The low quality reads and adaptor sequences were filtered out with the FASTX program. Picard program was used to remove the PCR duplicates. After high-quality reads were retrieved, the clean data were aligned using BWA program according to human genome parameters (hg19). Subsequently, we determined SNPs using the SOAPsnp program, realigned the reads with BWA, and detected the deletions or insertion (InDels) with the GATK software. After SNPs are identified, we use ANNOVAR to do annotation and classification.

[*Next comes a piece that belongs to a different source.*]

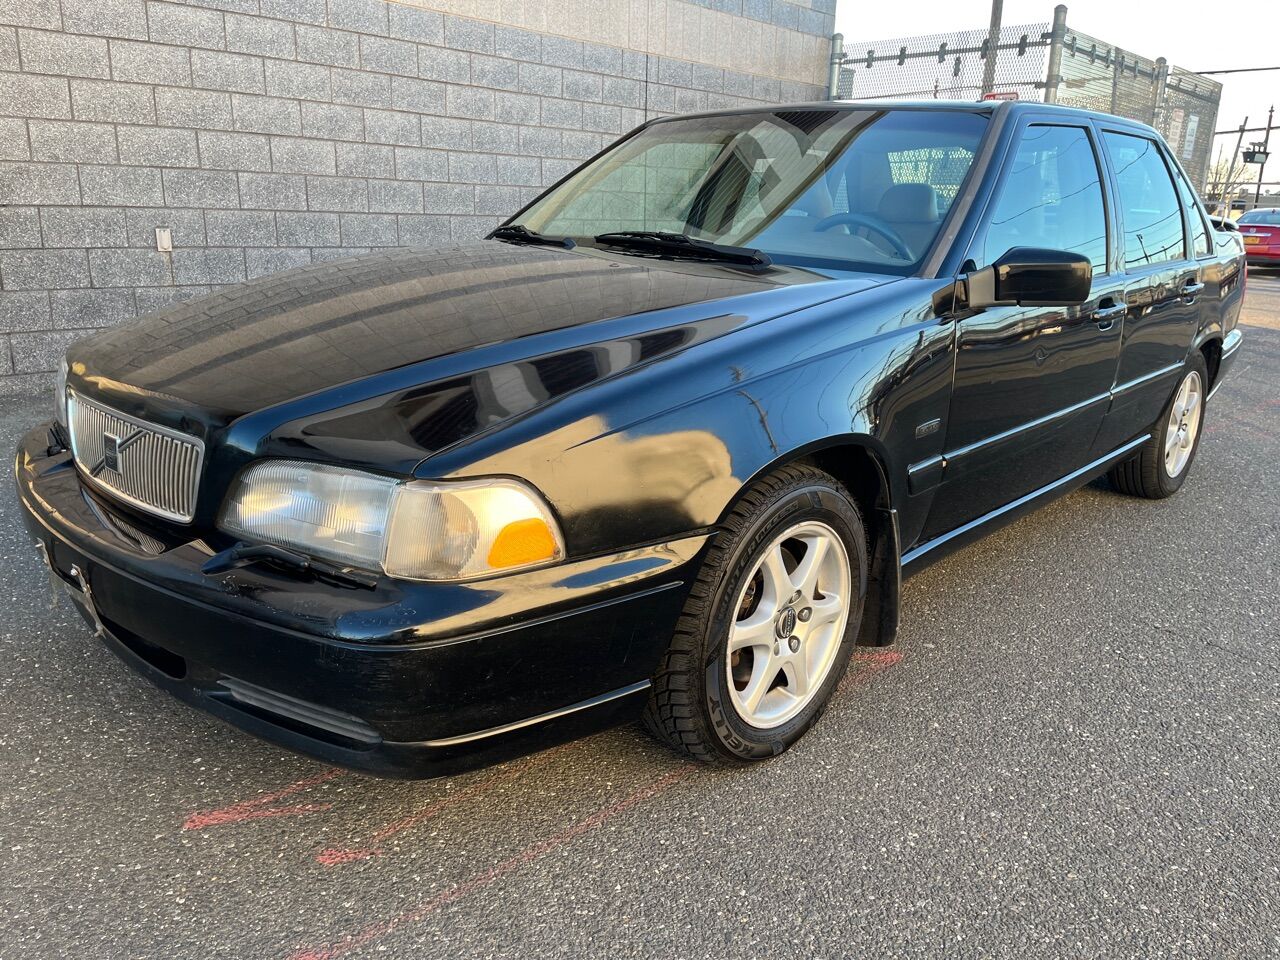 Volvo S70 For Sale - Carsforsale.com®

Finally, all nonsynonymous variants were evaluated by three algorithms, SIFT (http://sift.jcvi.org/), PolyPhen-2 (http://genetics.bwh.harvard.edu/pph2/), Mutation Tester (http://www.mutationtaster.org/).

Expanded Validation

DNA samples of probands were taken for further Sanger sequencing, to confirm the potential pathogenic variants detected by exome sequencing. Polymerase chain reaction (PCR) was performed in a 20 μl reaction system using the primer pairs previously published60 or designed by Primer Premier 6.0 (Table S3). PCR products were isolated using electrophoresis on 3% agarose gels and sequenced using the BigDye Terminator Cycle sequencing kit V 3.1 (ABI–Applied Biosystems; Sangon Co, China) on an ABI PRISM 3730 Sequence Analyzer (ABI). Sequencing results were analyzed using Chromas 2.3.0 and compared with sequences from NCBI human genome database. Confirmed variants were further sequenced in the all available family members and 100 control individuals.